By Consumers For Quality Care , on August 6, 2019
Real estate developer Kelly Doran, along with his company’s 250 employees, were covered by Blue Cross and Blue Shield of Minnesota, when the insurer denied a routine scan his doctor had ordered. Doran, a lung cancer survivor, soon learned that he was not the only person at his company to have issues with the insurer, Minnesota Business Journal reports. Employees had a range of physician-ordered tests that had been denied, including mammograms, MRIs and sleep studies.
In protest and frustration, Doran requested a meeting with the health plan’s CEO. Instead, Blue Cross and Blue Shield of Minnesota sent a junior team of account executives to meet with Doran. The meeting proved unfruitful.
“The fact that doctor-prescribed procedures and tests were being denied was intolerable to me for our employees and their dependents,” Doran said in an interview Wednesday. “We tried to fix it with Blue Cross and Blue Shield and they refused to change anything.”
So, Doran switched his employees off of Blue Cross and Blue Shield of Minnesota’s plan to a plan covered by Health Partners.
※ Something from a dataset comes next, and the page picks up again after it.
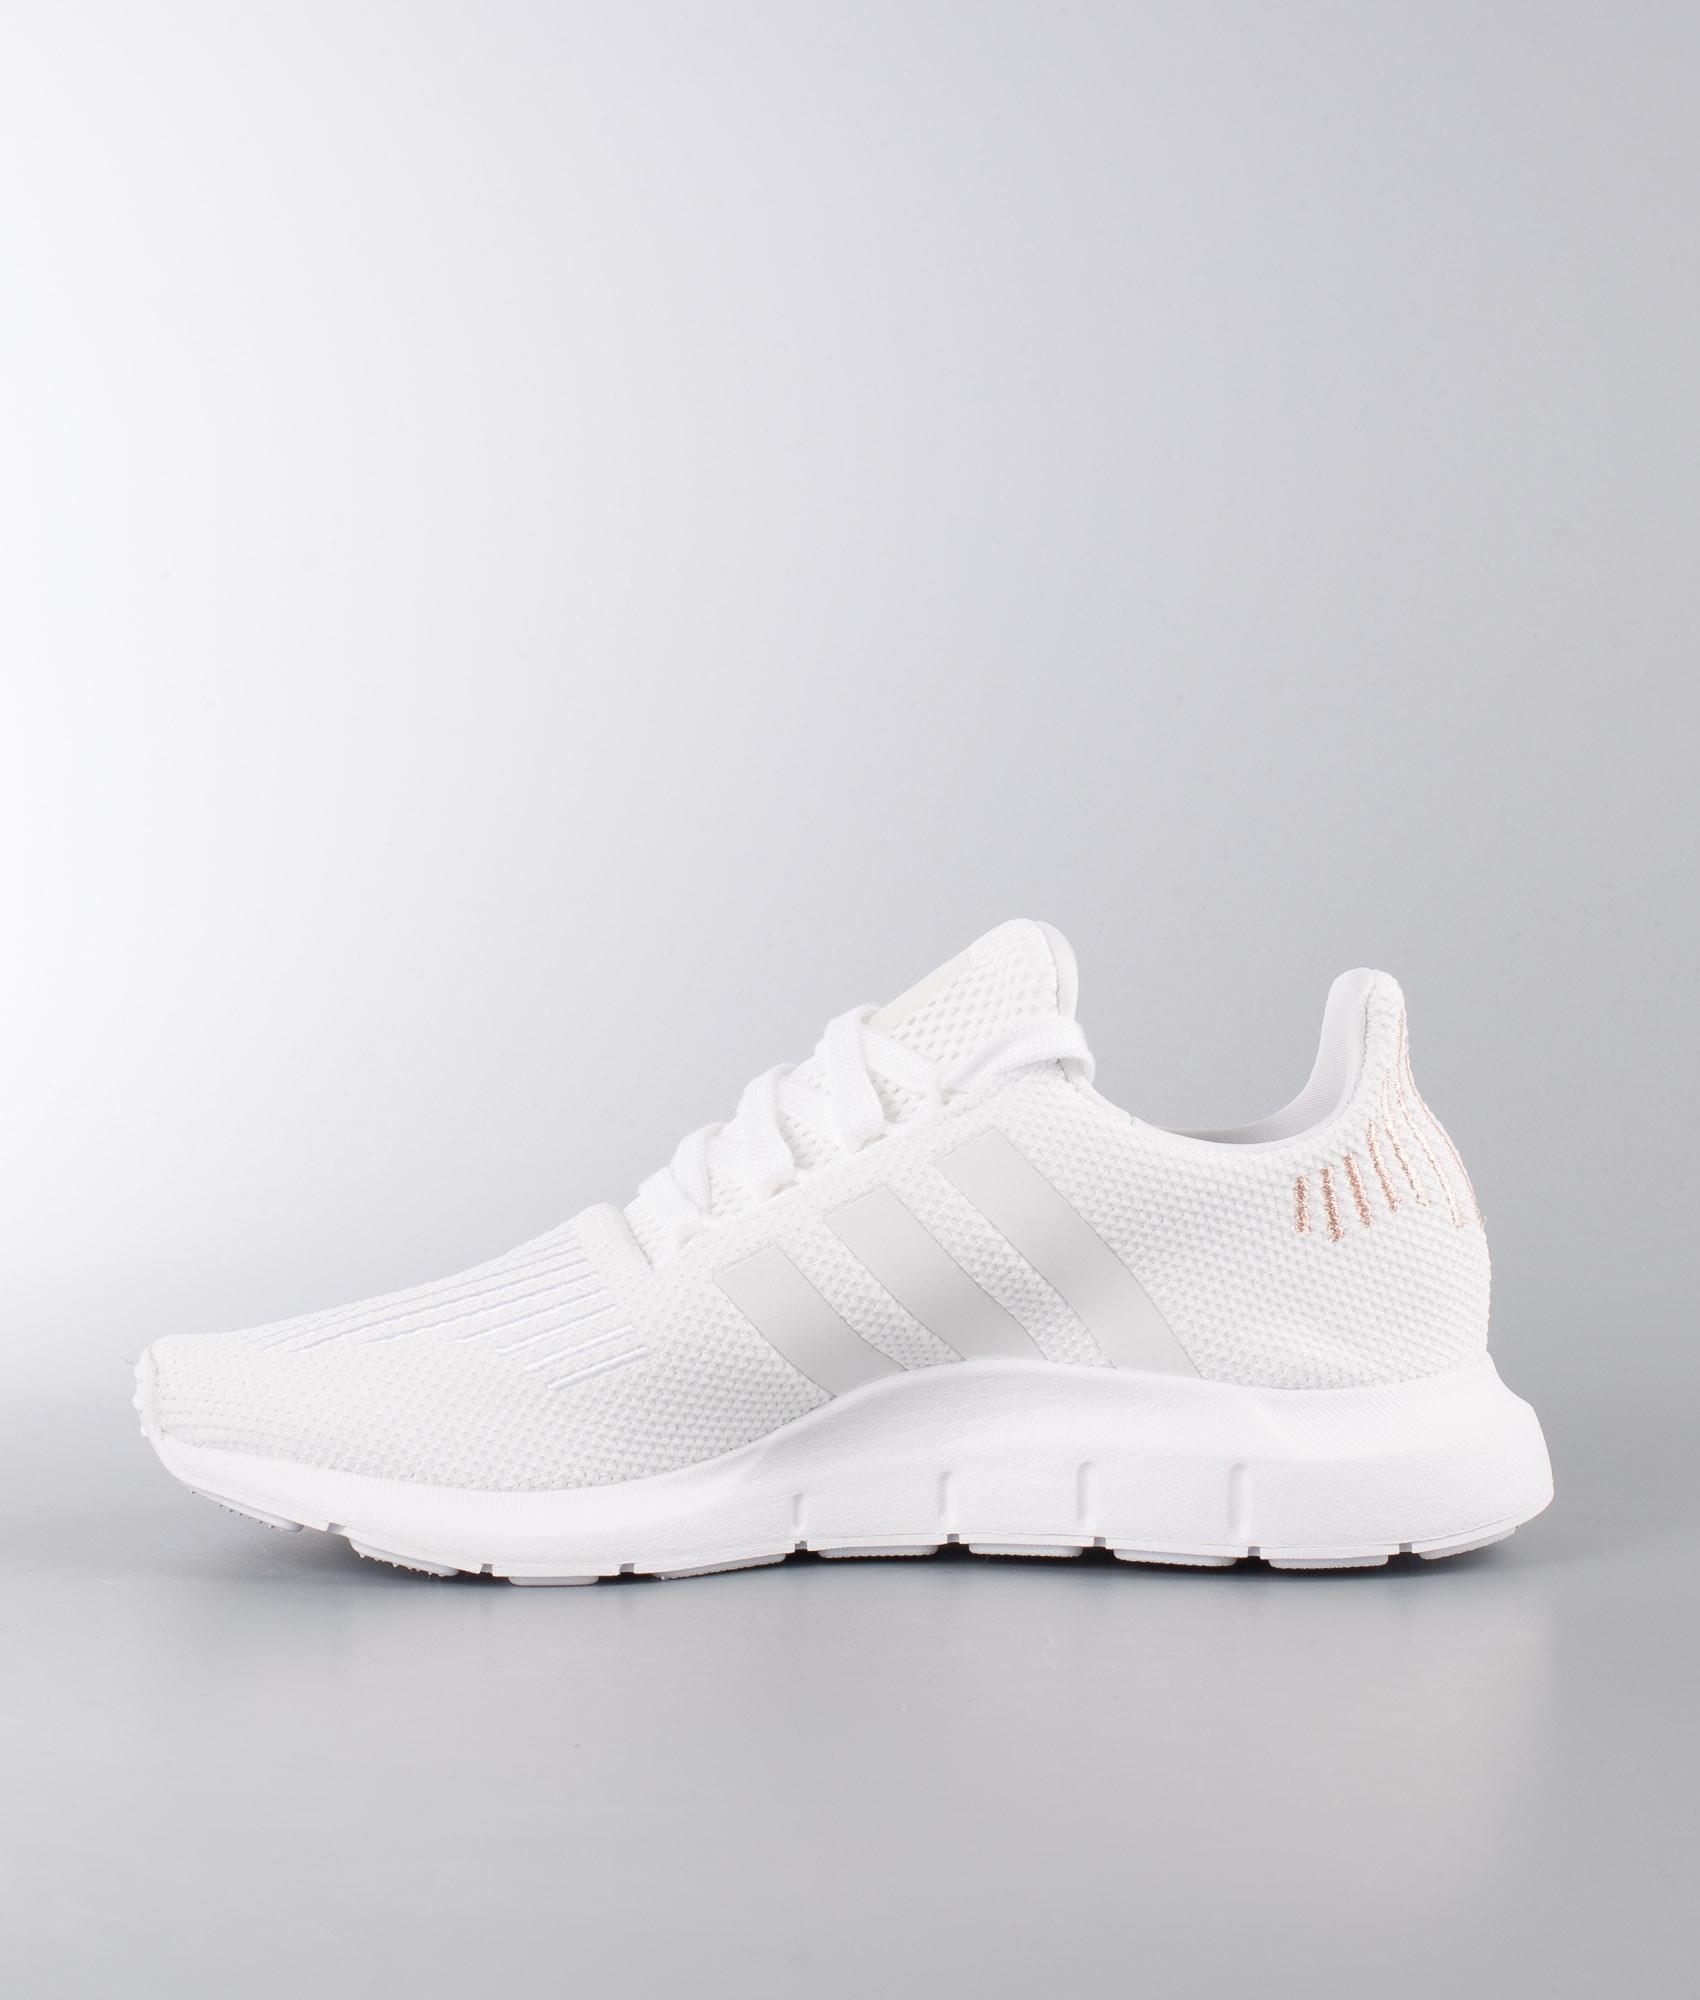 Adidas Originals Swift Run W Shoes Ftwr White Crywht Ftwr White

Doran says the switch will cost the company an additional $70,000 a year.
Doran and his employees’ experiences echo issues raised in a recent 27-page letter from the Minnesota Hospital Association (MHA). Writing on behalf of more than 140 hospitals, the MHA asked the state to review the insurer’s practices, stating it has illegally refused to cover essential health benefits and implemented new prior authorization rules that make it more difficult for consumers to get needed coverage.
Blue Cross now uses an outside, for-profit company, Evicore, to manage its prior-authorization process. The MHA claims Evicore is designed to intentionally delay care for patients and enable Blue Cross to deny payment “for as many covered services as possible.”
Doran says that in his meeting with representatives from Blue Cross, he gave the company the opportunity to retain his company’s business if they agreed to block Evicore from dealing with the firm. He says the insurer refused, prompting the decision to change companies.
Minnesota Attorney General Keith Ellison is looking into the MHA’s concerns after receiving a formal complaint from the group, according to the Star Tribune.
The insurance company has defended its practices, saying that the new policies for prior authorizations went into effect earlier this year and that they are similar to requirements by other insurers across the industry. Blue Cross and Blue Shield of Minnesota says the policies are designed to make sure that patients receive care that “meets the latest evidence-based guidelines.”
However, MHA’s Matthew Anderson says that the insurer is implementing this policy far differently than other insurers.
“The difference with Blue Cross is, it is doing it so poorly that it is interfering with care. And because there is such a large volume of mistakes and process errors and time spent trying to navigate their process that they’ve crossed the line,” Anderson said, adding the Blue Cross needs to change its process “or turn it off.”